Childbirth may initially increase breast cancer risk.
The risk of developing breast cancer differs between individuals.
The Centers for Disease Control and Prevention (CDC) suggest that several factors come into play.
These are split into risk factors that people cannot control and ones that people can change.
For instance, people cannot change their age, genetic mutations, and family history, while they can control their weight, alcohol, and exercise levels.
One factor that some researchers believe can reduce a woman's risk of breast cancer is childbirth.
However, according to a new study, the theory that childbirth can protect a woman against breast cancer may need further clarification. The study's findings suggest that this protection does not instantly occur. Instead, it may take a considerably long time to emerge.
Researchers also found that childbirth only benefits women above a certain age when it comes to breast cancer risk levels. In fact, they found that younger women who had recently given birth experienced elevated risk levels.
The impact of childbirth
The large-scale analysis examined data from 15 studies from around the world.

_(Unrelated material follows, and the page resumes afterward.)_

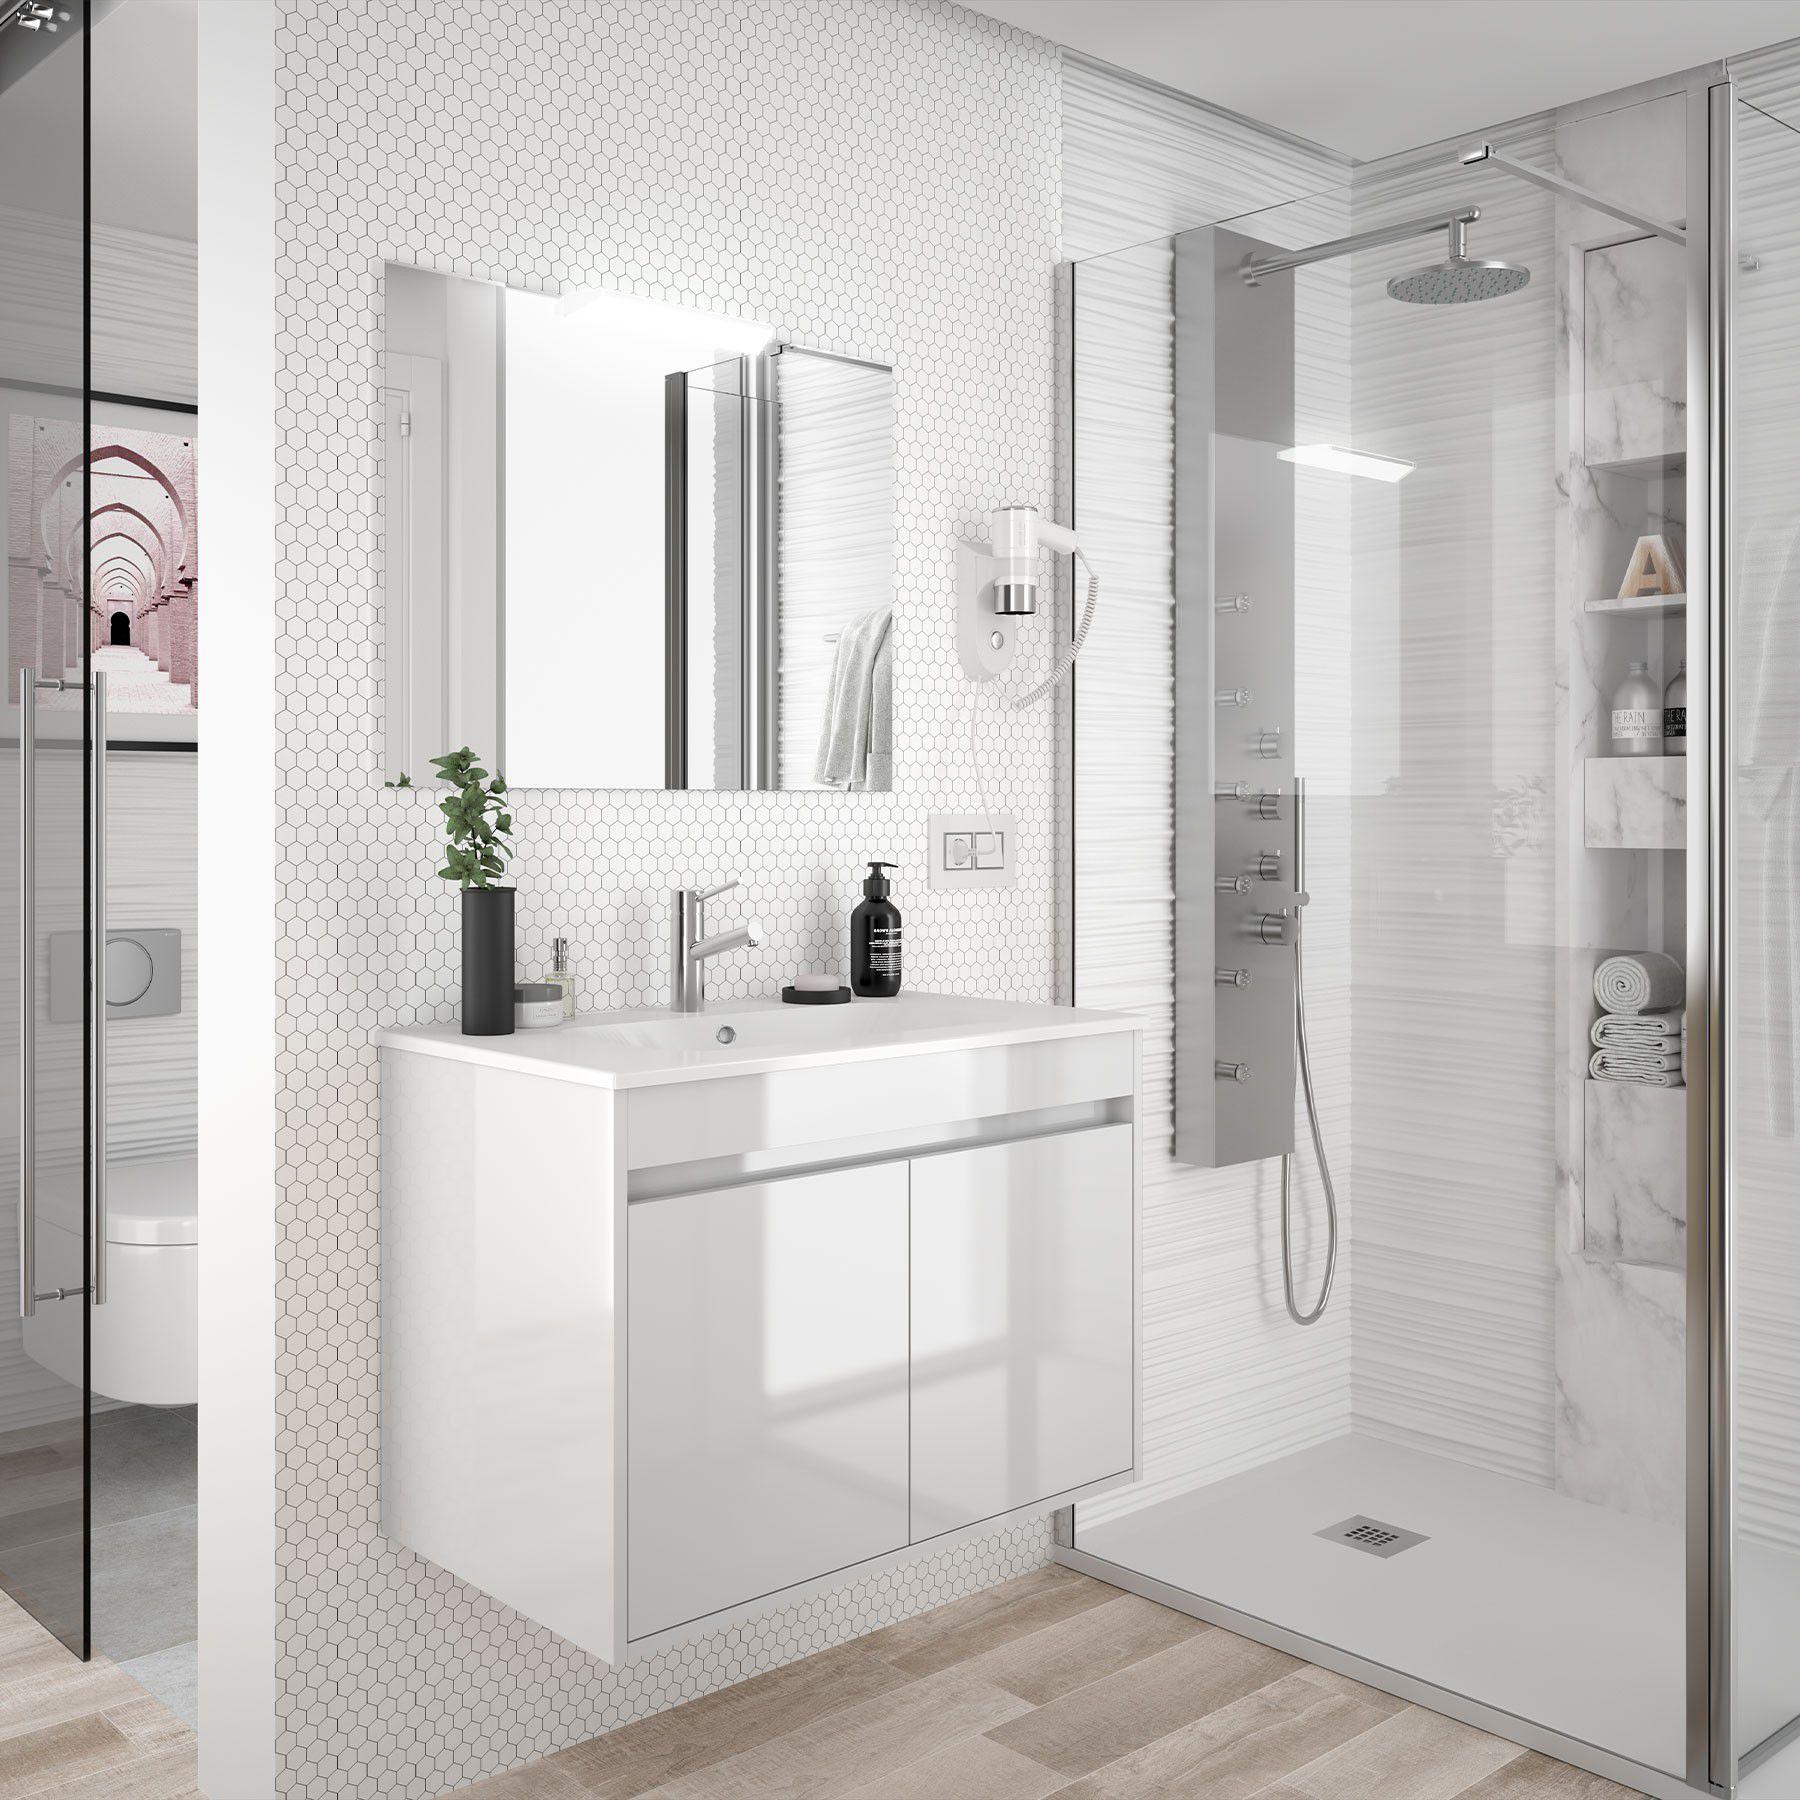 Ensemble Salgar Noja 70 Cm 2 Portes Blanc Brillant Meuble Vasque Miroir En Option

Scientists looked at over 800,000 women with a specific focus on factors that other studies on the topic had overlooked.
This included things that could affect breast cancer risk, such as family history of the disease and breastfeeding.
Published in the Annals of Internal Medicine, the study found that breast cancer risk elevated in women who had given birth and were aged 55 or younger.
This risk hit its highest point about 5 years after women had given birth. At this time, mothers in this age range had an 80 percent higher chance of developing breast cancer compared with those women who had not gone through childbirth.
The authors note that this risk was more prominent for women who fit into one of three categories: those who had a family history of breast cancer, people who were older at the time of their first birth, or those who had had more children overall. Breastfeeding appeared to have no impact.
The study's most important finding, however, was that the elevated breast cancer risk disappeared 23 years after childbirth. After more than 2 decades, women began to experience a form of protection from the disease.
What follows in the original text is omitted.